Before everyone gets excited about their middle class free stuff, let me point out that there are 16 million children living below the poverty line. To give them all $12,000 a year would be 192 billion per year. You would have to quadruple the Department of Education budget to do that. Really unlikely to happen. More unlikely that it will reach people making your level of income.
But if 16 million kids were no longer going to public schools think of all the money you would save there. Average spending per pupil is $10,700 nationwide. In DC the spending per pupil is highest in the nation at over $25,000 per kid. I'm assuming that any comprehensive voucher plan would redirect the money sent to public schools to fund these vouchers.
So the federal government takes the money from state and local budgets? And then the localities get left with the kids whose educational costs are higher than the 12,000 per year voucher covers, like special ed, ESOL, etc. Fabulous.
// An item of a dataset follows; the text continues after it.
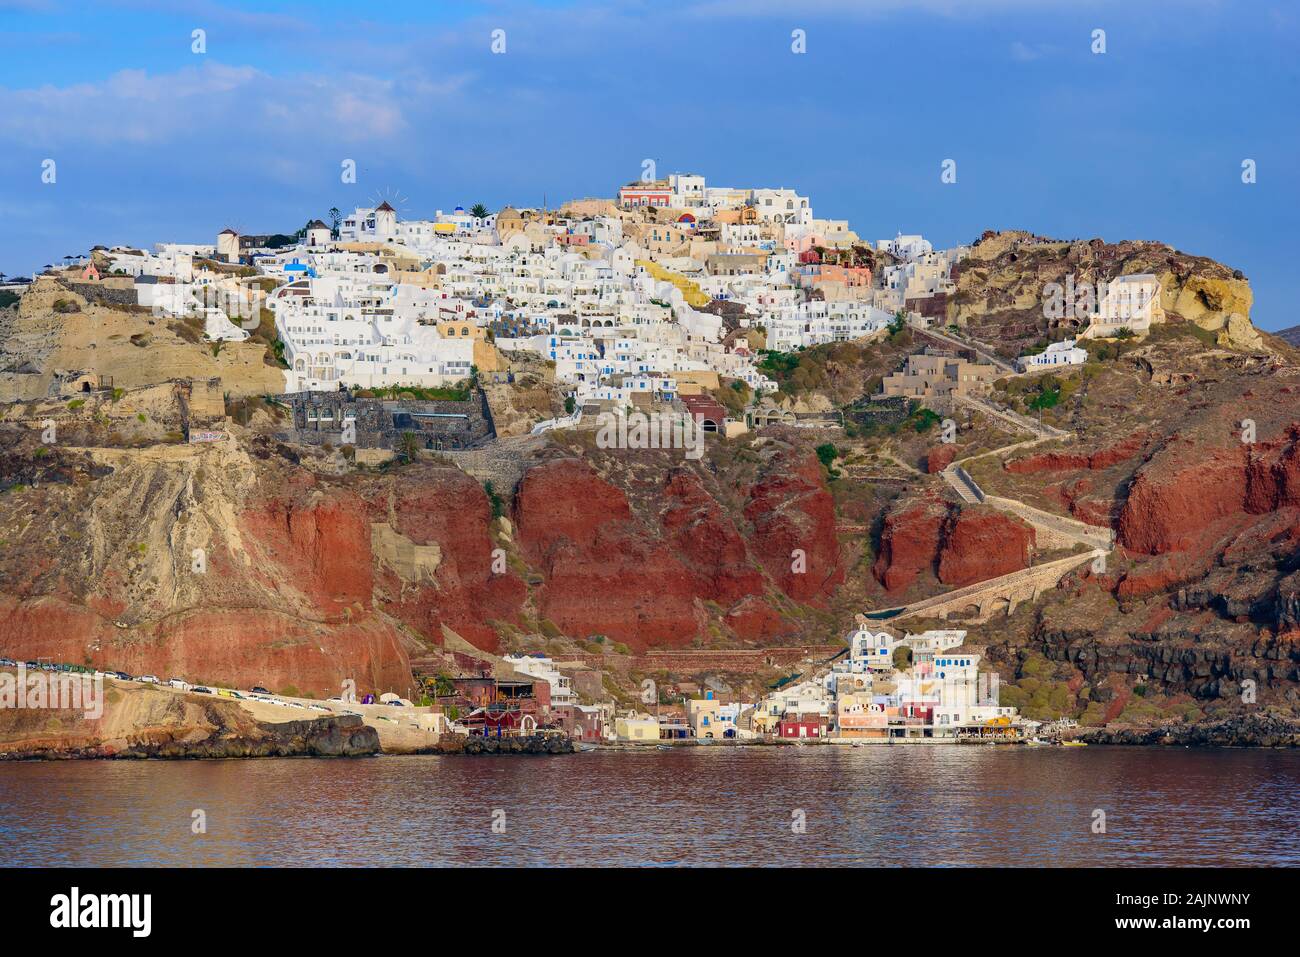 View of the white buildings of Oia village from Aegean Sea, Santorini, Greece Stock Photo

Anonymous wrote:Anonymous wrote:Anonymous wrote:What will happen, if this ever comes into existence (which is doubtful) is what happened with DC's GOP-forced voucher program. A handful of very talented poor children will be able to use the scholarship to get into existing schools, where the schools will be able to give them financial aid to make up the difference.
At the same time, dozens of "schools" will open, that happen to charge the same amount or slightly higher in tuition as the cost of the voucher. There is no accredation process in DC for these schools, and many of them have 90-100% of their students on vouchers. Making them essentially public schools with no oversight. It's a travesty...school vouchers do not work- studies have proven this.
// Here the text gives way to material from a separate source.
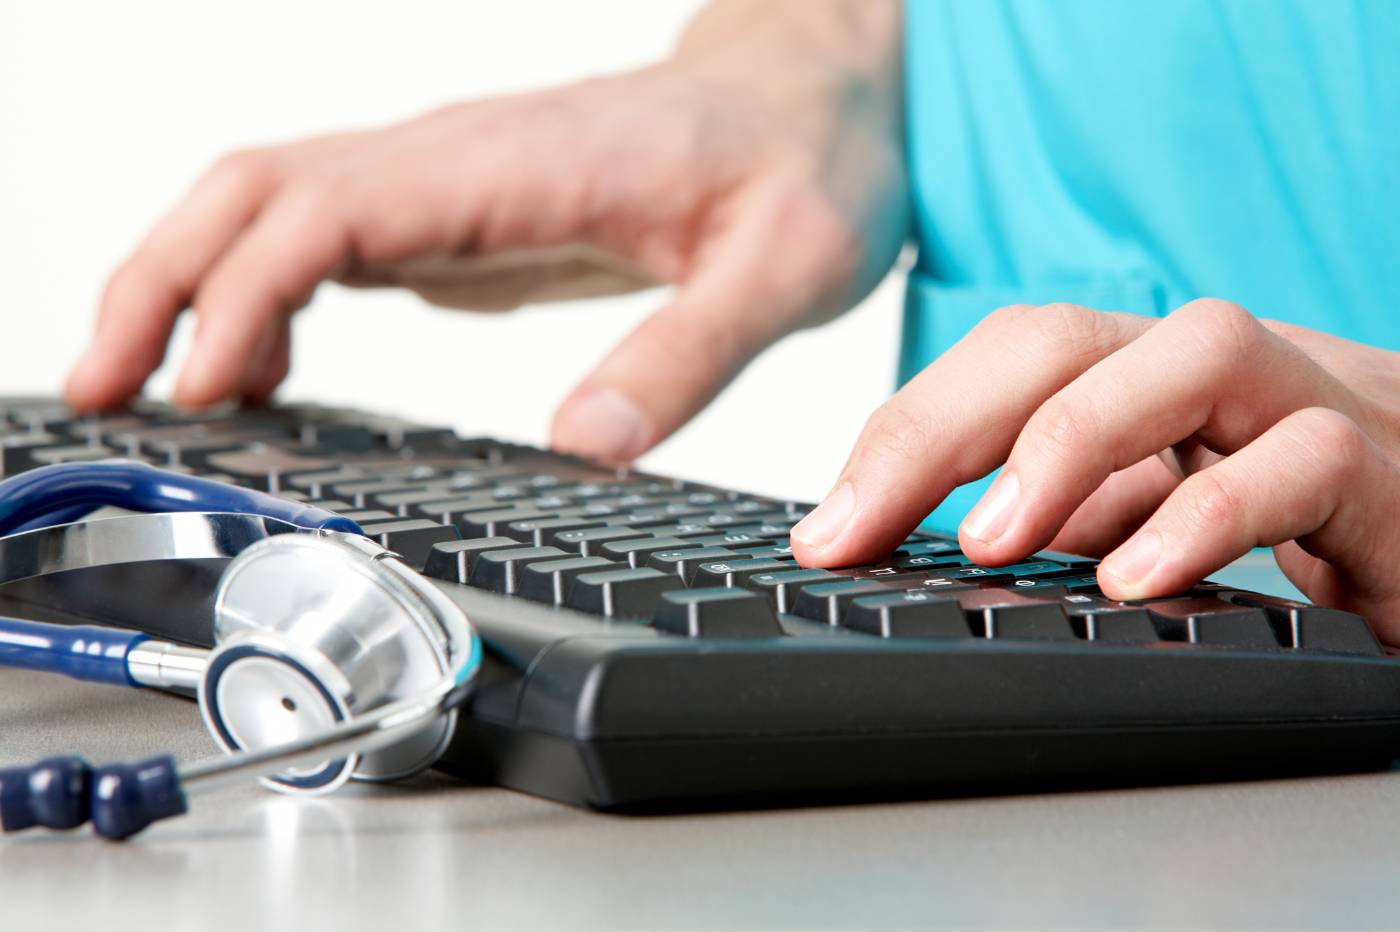 Hand entering data on a computer keyboard in a medical setting.

They are the same as housing vouchers. Any landlord who magically accepts vouchers, sets the rent at the highest level of the voucher range even though the landlord could not get that higher amount if it were market rate housing. Don't tell anyone though, because I've made a lot of money doing this.
Great, you're proud of cheating the federal government out of money. If you charge above the market rate, you are in violation of Federal law.
Anonymous wrote:Anonymous wrote:I keep reading "$12,000 in school choice funds to every K-12 student who today lives in poverty."
So only families making less than $25,000 per year will get this, or will it be tiered like other voucher programs? As in, families making $45,000 might get a $7,000 voucher and so forth.
Before everyone gets excited about their middle class free stuff, let me point out that there are 16 million children living below the poverty line. To give them all $12,000 a year would be 192 billion per year. You would have to quadruple the Department of Education budget to do that. Really unlikely to happen. More unlikely that it will reach people making your level of income.
Anonymous wrote:Anonymous wrote:What will happen, if this ever comes into existence (which is doubtful) is what happened with DC's GOP-forced voucher program. A handful of very talented poor children will be able to use the scholarship to get into existing schools, where the schools will be able to give them financial aid to make up the difference.
At the same time, dozens of "schools" will open, that happen to charge the same amount or slightly higher in tuition as the cost of the voucher. There is no accredation process in DC for these schools, and many of them have 90-100% of their students on vouchers. Making them essentially public schools with no oversight. It's a travesty...school vouchers do not work- studies have proven this.
They are the same as housing vouchers. Any landlord who magically accepts vouchers, sets the rent at the highest level of the voucher range even though the landlord could not get that higher amount if it were market rate housing. Don't tell anyone though, because I've made a lot of money doing this.